Peter Crawleymarvels at a miracle on 44th Street
It is a story so carefully stage- managed, it could even warm the cockles of a heart that's two sizes too small. Last week, a plucky little underdog of a Broadway show overcame the picket line and the barricades to clamber back onto the stage. The show must go on, of course, but with Broadway brought to its knees by a stagehand strike, that apparently requires a court injunction.
"I think one Grinch in town is enough," said the Manhattan Supreme Court Justice Helen Freedman, as she ruled that Dr Seuss's How the Grinch Stole Christmas! The Musical could reopen.
The story, as every five year old knows, involves a curmudgeonly green thingumybob who attempts to cancel Christmas by stealing every gift in town, only to learn that you can't put a price tag on the true Christmas spirit. To learn this lesson from the $6 million show will cost you up to $250 (€169).
Frankly, it's hard to know what other ruling the judge could have made.Anyone who finds against the Grinch may as well sentence Li'l Orphan Annie to eight more years of a hard knock life, or declare the defendant Kris Kringle insane while they're at it. Add to this the fact that the courtroom was full of wide-eyed child actors from the show, and there is a sense of calculated schmaltz about the whole thing.
Actually, it's just business as usual. The striking stagehands may have closed 27 shows on Broadway at the most lucrative time of its year - and could cost Broadway $135 million in lost ticket sales - but they were all in favour of the Grinch, who it seems engineered a separate and agreeable contract with them.

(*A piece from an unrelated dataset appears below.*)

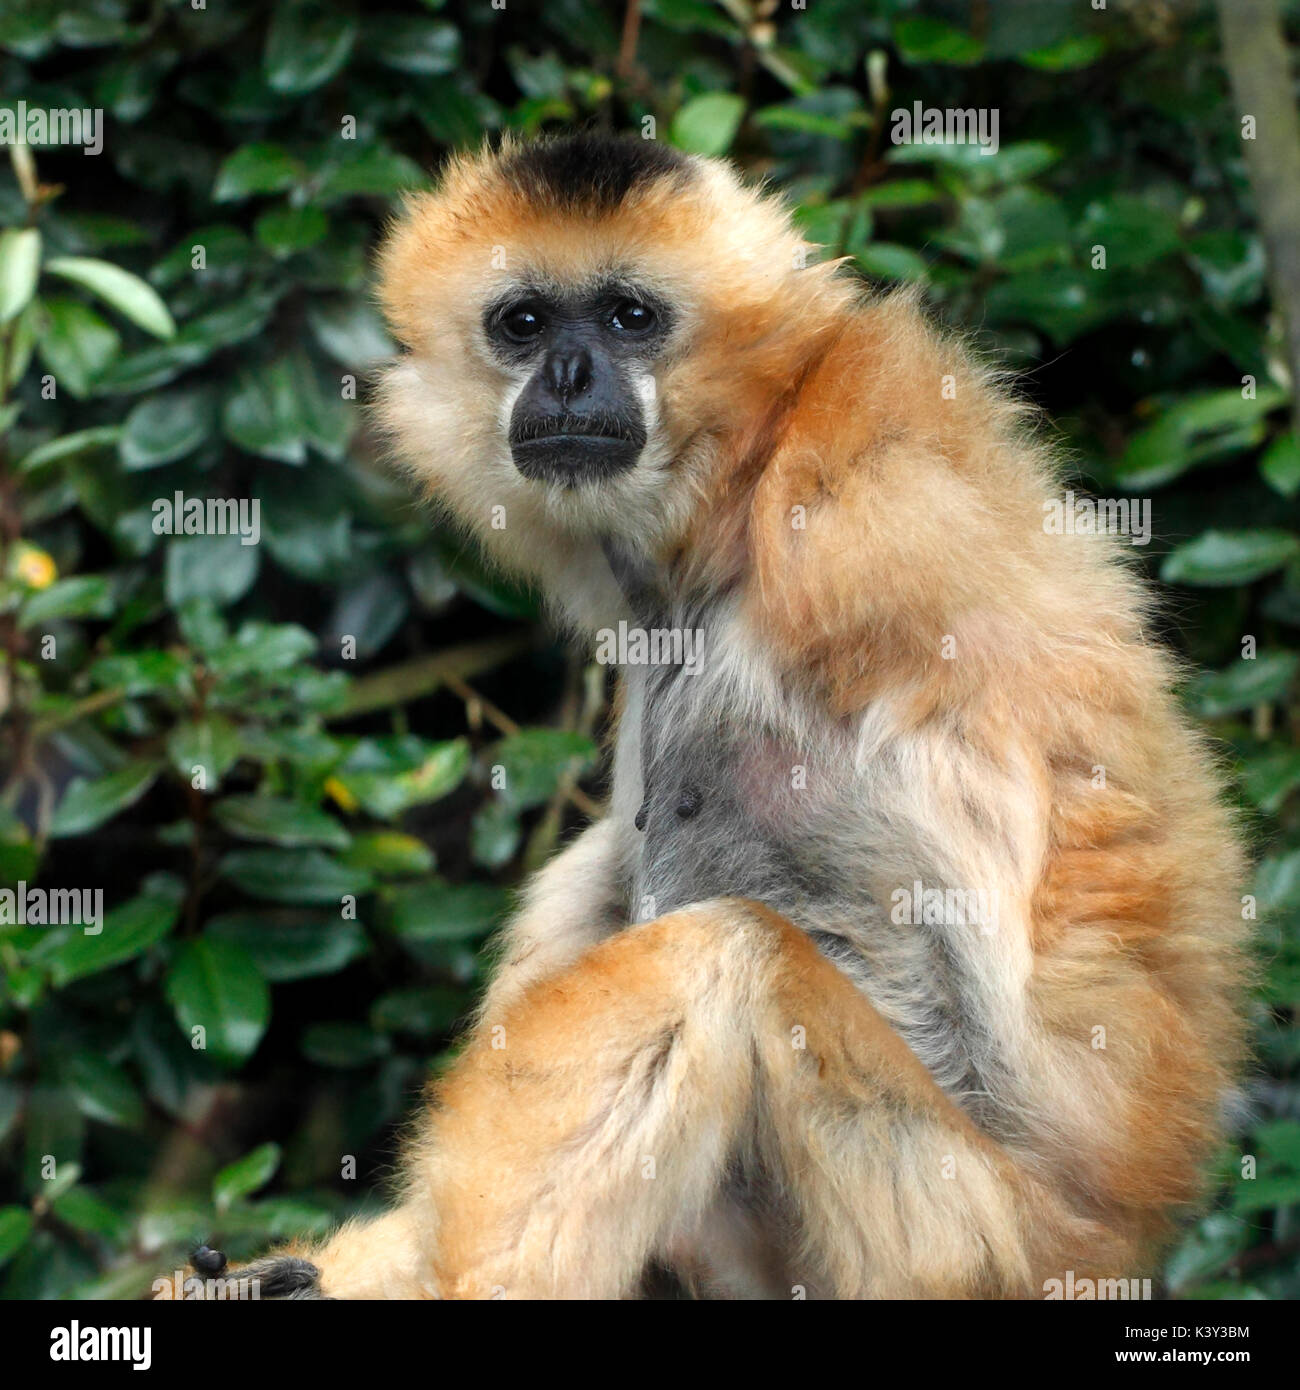 Black-Crested Gibbon (Hylobates concolor), weiblich. Stockfoto

Only the owner of the St James Theater on 44th Street, where it was to be performed, resisted the show and tried to wait out the strike in solidarity with the League of Producers, who are seeking to hire fewer stagehands to open a show.
The Grinch has now been open for a week, putting in a staggering 15 performances in that time. With little competition on a largely dormant Broadway, the box office has been boffo.

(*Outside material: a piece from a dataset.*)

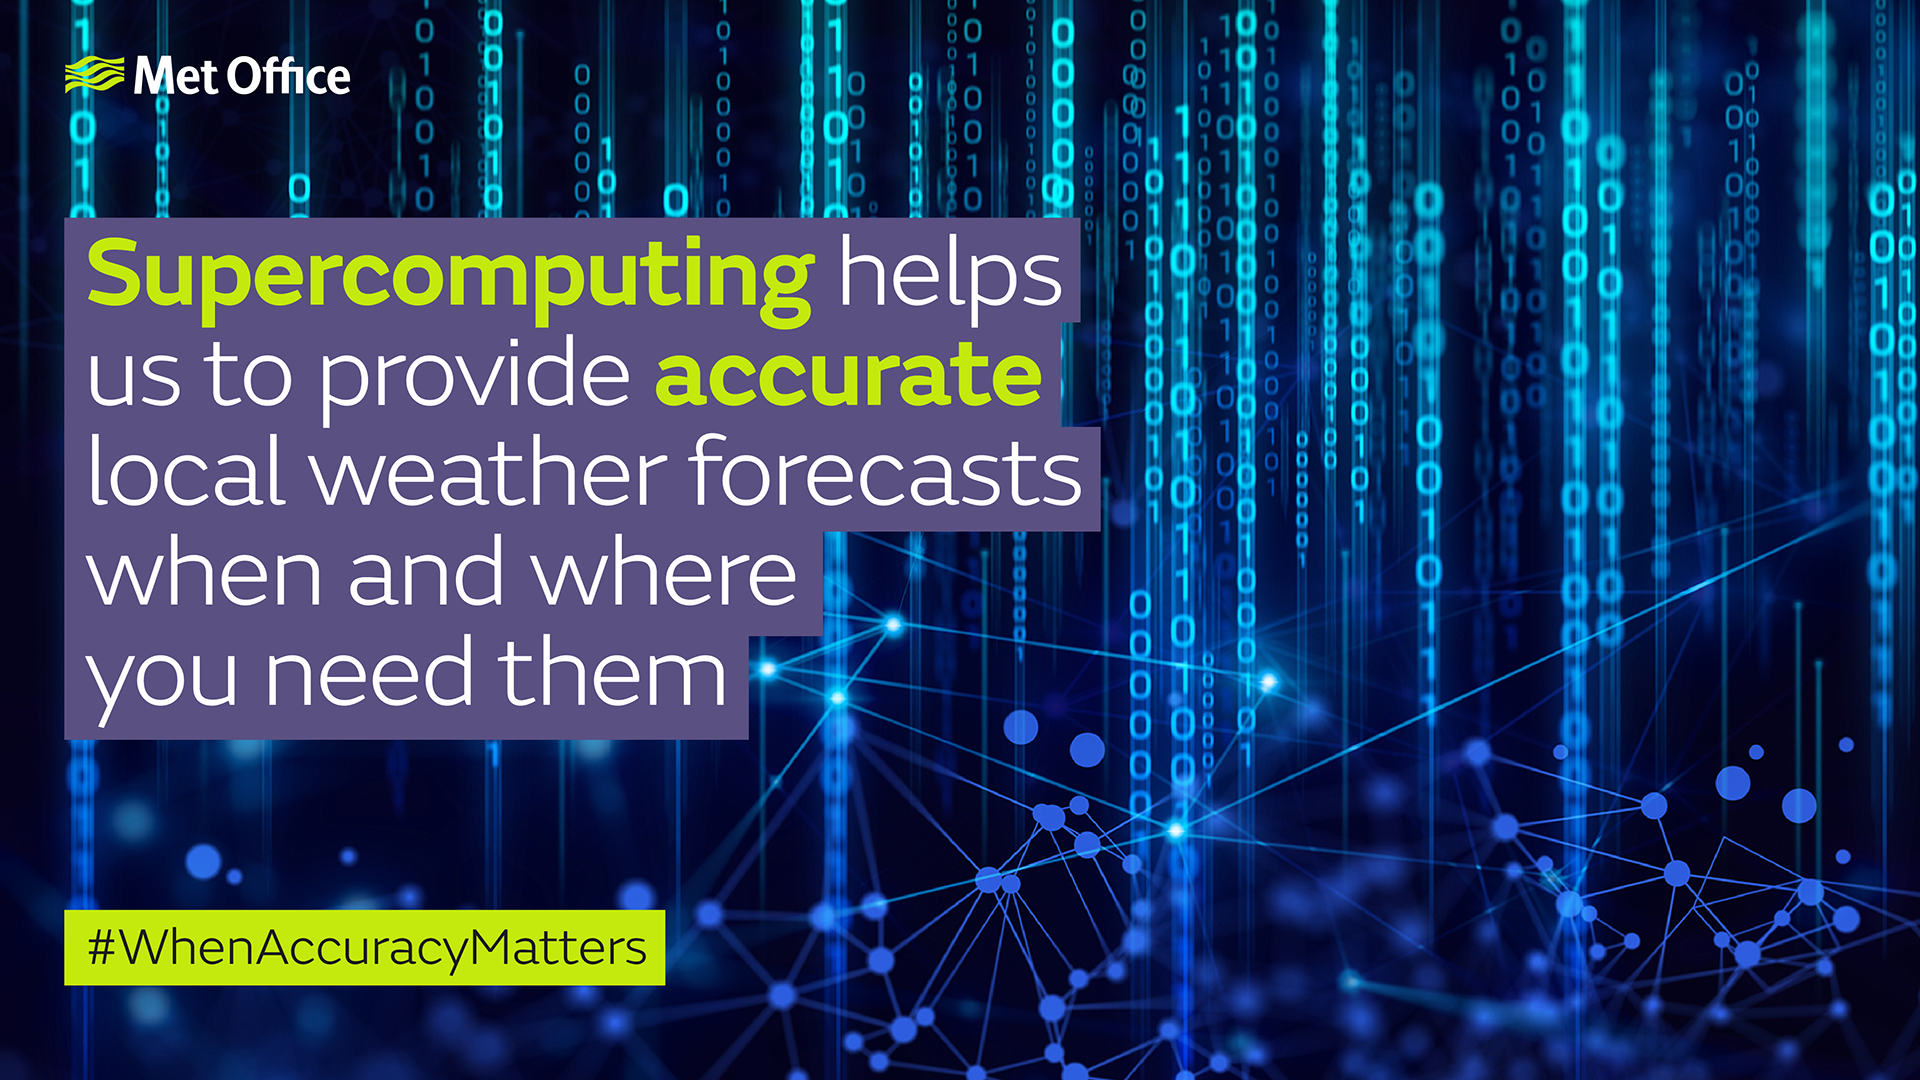 Supercomputing helps us to provide accurate local weather forecasts when and where you need them

It's a shame no such legal recourse is available to Conor McPherson's The Seafarer, his Broadway directorial debut which never managed to open, or to Aaron Sorkin's The Farnsworth Invention, a one-time Abbey Theatre commission that is also in strike limbo.
They, too, might benefit from this courtroom pageantry. The Grinch's return, in fact, could be sneaky detente.
"The theatre is filled with imagery that moves people," said the director of Actors' Equity, who happened to attend the reopening. "This theatre being open, all these people crowding the street outside - that's the image I hope will break the logjam."
Broadway has always traded on glitz and sentiment while keeping its eye firmly on the bottom line. If The Grinch hastens negotiations and saves what remains of the season, it will be the fairytale the commercial theatre deserves: a Christmas miracle by court order.